Across 2022, 2023 and 2024, 129 Hindi-language theatrical films with a confirmed primary OTT home land in our database. The median film waits 121 days — call it four months — between the box-office reel and the streaming dashboard. That number, however, hides a more interesting story: a small, growing cohort that barely waits at all, and a tail of late-arriving 2022 catalogue that quietly drifts onto streaming a year or two after its theatrical run.

For comparison: the Tamil-cinema cut of this same exercise, published earlier on GudVibe, found a median window in the 80–100 day band and a Sun NXT-dominated platform map; the Hindi equivalent is, on the evidence here, both faster-moving on the short tail and more genuinely contested at the top of the platform table. Whether you read that as a strength or a fragility depends entirely on which side of the producer–platform negotiation you sit.

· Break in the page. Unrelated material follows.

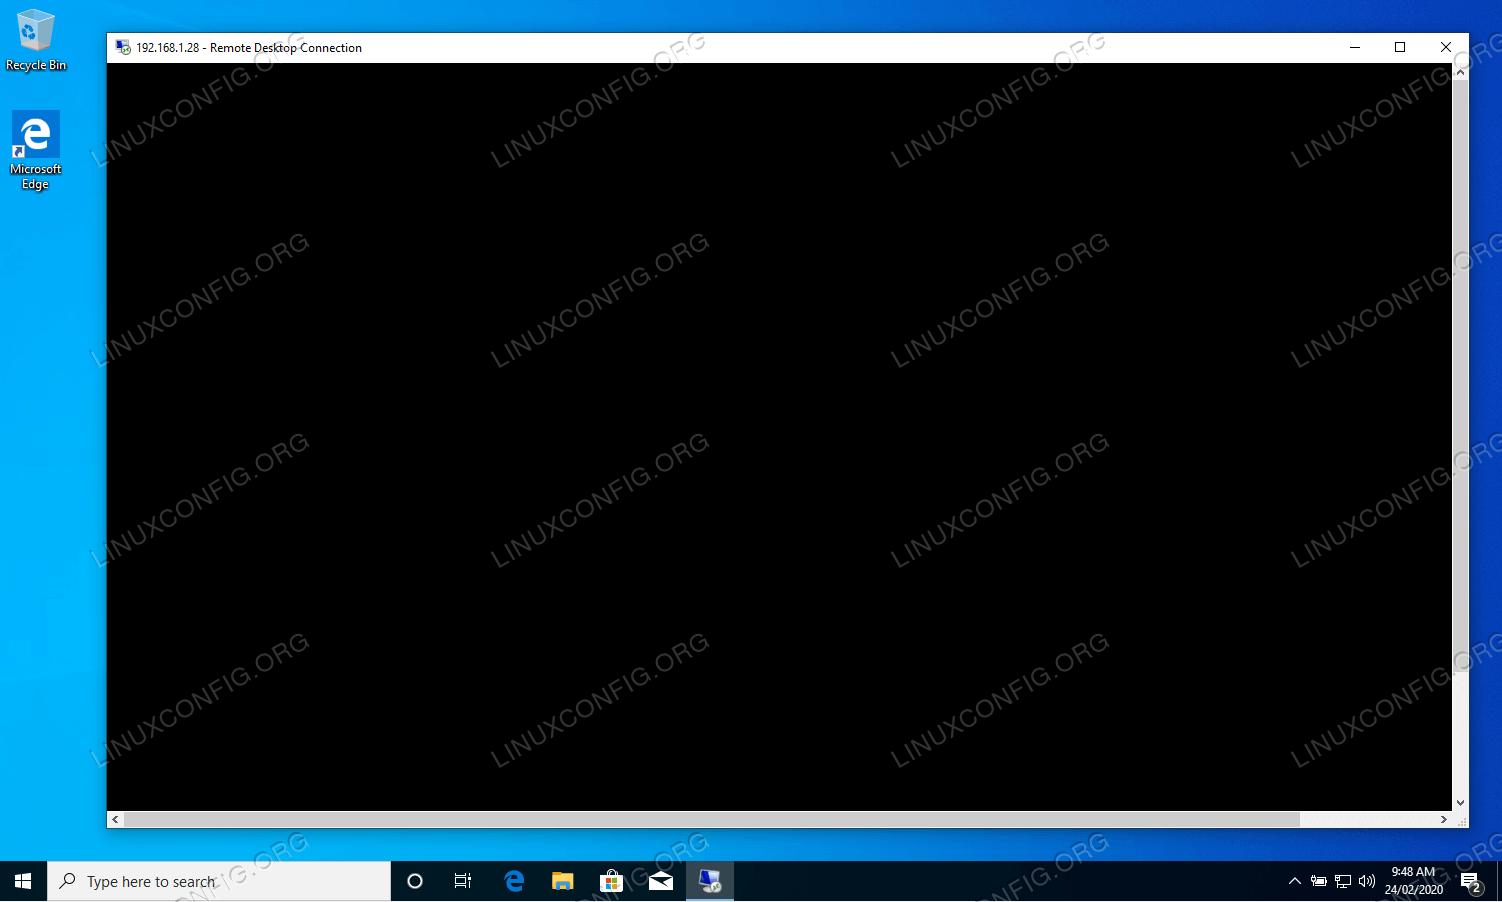 xrdp black screen bug

A note before the numbers — this is a dataset audit, not a market census. We count Hindi-original theatrical releases (no Tamil, Telugu or English dubs), with a verified ott_platform and an ott_release_date between 1 January 2022 and 31 December 2024. Where a film is co-listed across services — which most Hindi titles eventually are — we attribute it to the first non-aggregator platform on its listing. OTT-commissioned originals like Heeramandi, Maharaj and Killer Soup are deliberately excluded: this piece is about theatrical films and where they live afterwards, not about platform-originals.

The Headline Numbers

MetricValue
Hindi theatrical films with verified OTT data (2022–2024)129
Median theatrical-to-OTT window121 days
Films streaming within 35 days of release18
Direct-to-OTT releases (≤7 days)3
Average audience rating (n=127)6.23 / 10

The five-data-row table above is the spine of everything that follows. Read it once, then consider that the 121-day median is itself shaped by a heavy tail: roughly a quarter of our sample took longer than 270 days from theatre to streaming, mostly because they were 2022 catalogue titles that drifted onto OTT in 2023 or 2024 as platforms cleared back-rights deals. Strip that tail out — restrict to films whose theatrical and OTT dates fall in the same calendar year — and the median falls into the 35–45 day band that industry panels routinely quote.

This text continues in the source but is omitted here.